The green-white, white-green holocaust grew until it filled the thronehall, grew until it hurricaned up through the stone out of the bowels of Ridjeck Thome. Like fighters locked mortally at each other’s throats, emerald and argent galled and blasted, gyring upward at velocities which no undefended granite could withstand. In long pain, the roots of the promontory trembled. Walls bent; great chunks of ceiling fell; weaker stones melted and ran like water.

Then a convulsion shook the Creche. Gaping cracks shot through the floors, sped up the walls, as if they were headlong in mad flight. The promontory itself began to quiver and groan. Muffled detonations sent great clouds of debris up through the cracks and crevices. Hotash Slay danced in rapid spouts. The towers leaned like willows in a bereaving wind.

With a blast that jolted the Sea, the whole center of the promontory exploded into the air. In a rain of boulders, Creche fragments as large as homes, villages, the wedge split open from tip to base. Accompanied by cataclysmic thunder, the rent halves toppled in ponderous, monumental agony away from each other into the Sea.

At once, ocean crashed into the gap from the east, and lava poured into it from the west. Their impact obscured in steam and fiery sibilation the seething caldron of Ridjeck Thome’s collapse, the sky-shaking fury of sea and stone and fire-obscured everything except the power which blazed from the core of the destruction.

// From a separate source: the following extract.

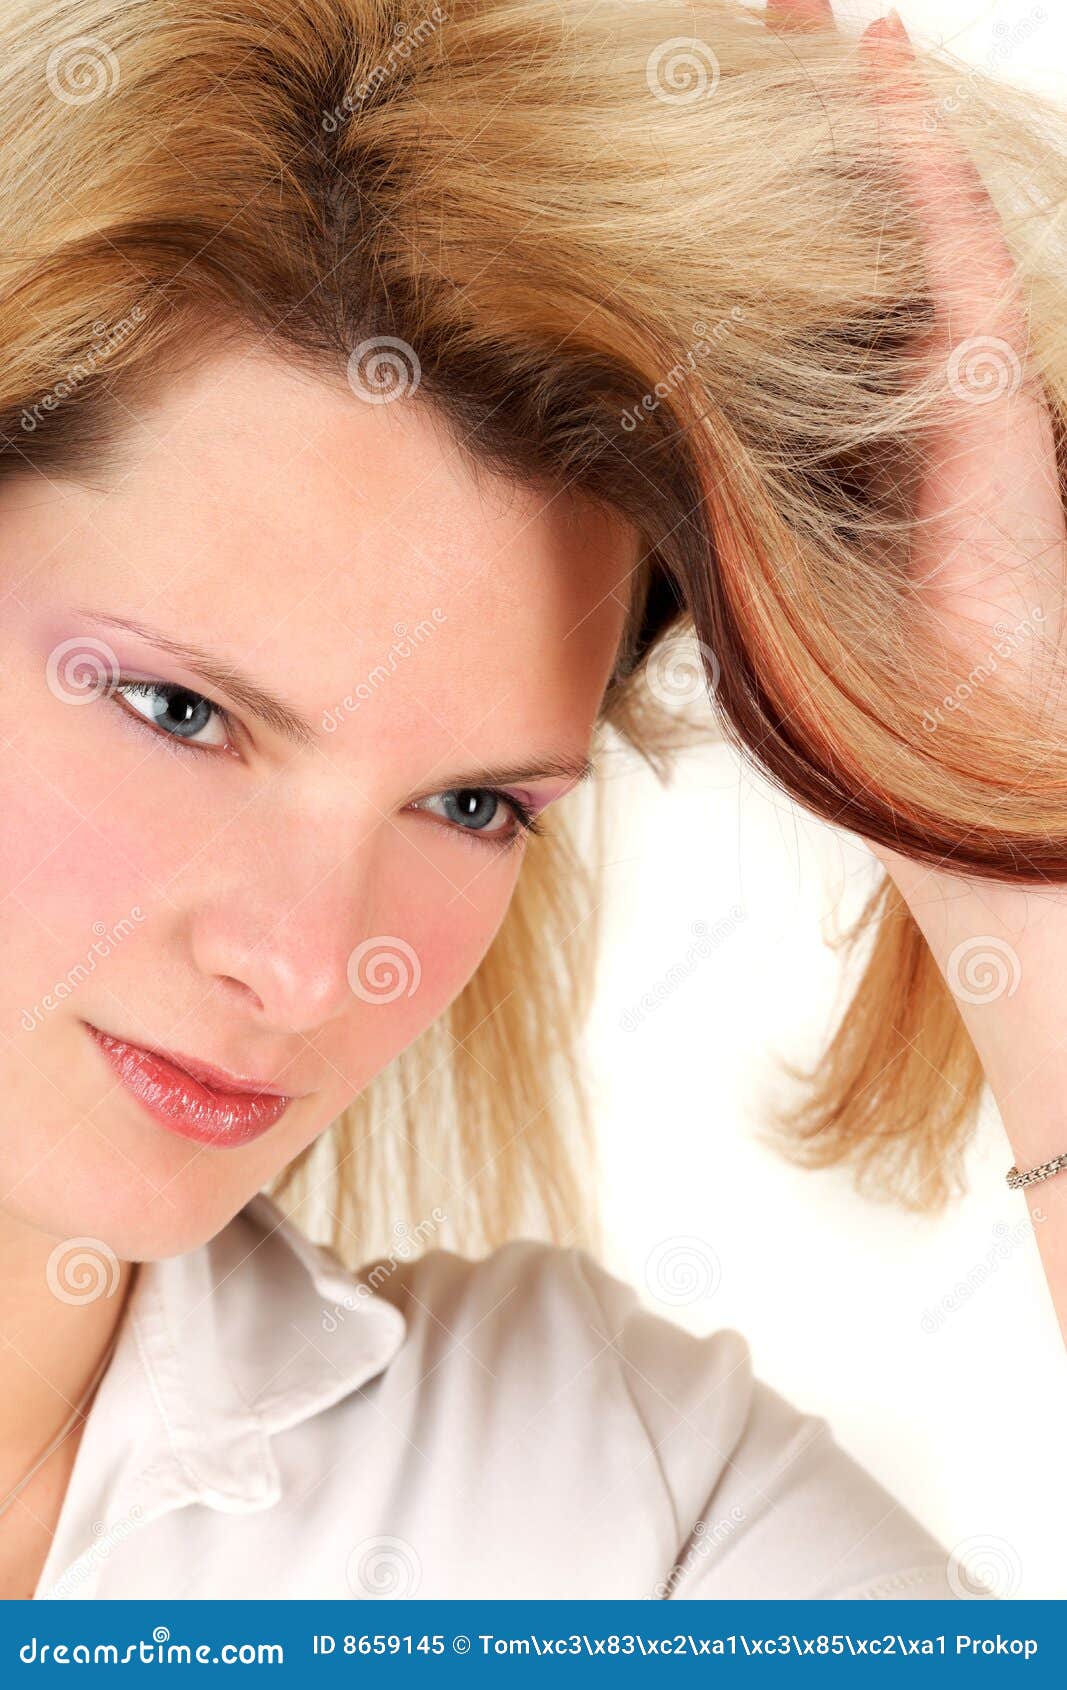 Young Woman is Editing Her Hairstyle Stock Image - Image of looking

It was green-white—savage, wild—mounting hugely toward its apocalypse.

But the white dominated and prevailed.

TWENTY-ONE: Leper’s End

In that way, Thomas Covenant kept his promise.

For a long time afterward, he lay in a comfortable grave of oblivion; buried in utter exhaustion, he floated through darkness—the disengaged no-man’s-land between life and death. He felt that he was effectively dead, insensate as death. But his heart went on beating as if it lacked the wit or wisdom to stop when it had no more reason to go on. Raggedly, frailly, it kept up his life.

And deep within him—in a place hidden somewhere, defended, inside the hard bone casque of his skull—he retained an awareness of himself. That essential thing had not yet failed him, though it seemed to be soaking slowly away into the warm soft earth of his grave.

He wanted rest; he had earned rest. But the release which had brought him to his present dim peace had been too expensive. He could not approve.

Foamfollower is dead, he murmured silently.

There was no escape from guilt. No answer covered everything. For as long as he managed to live, he would never be clean.

He did not think that he could manage to live very long.

Yet something obdurate argued with him. That wasn’t your fault, it said. You couldn’t make his decisions for him. Beyond a certain point, this responsibility of yours is only a more complex form of suicide.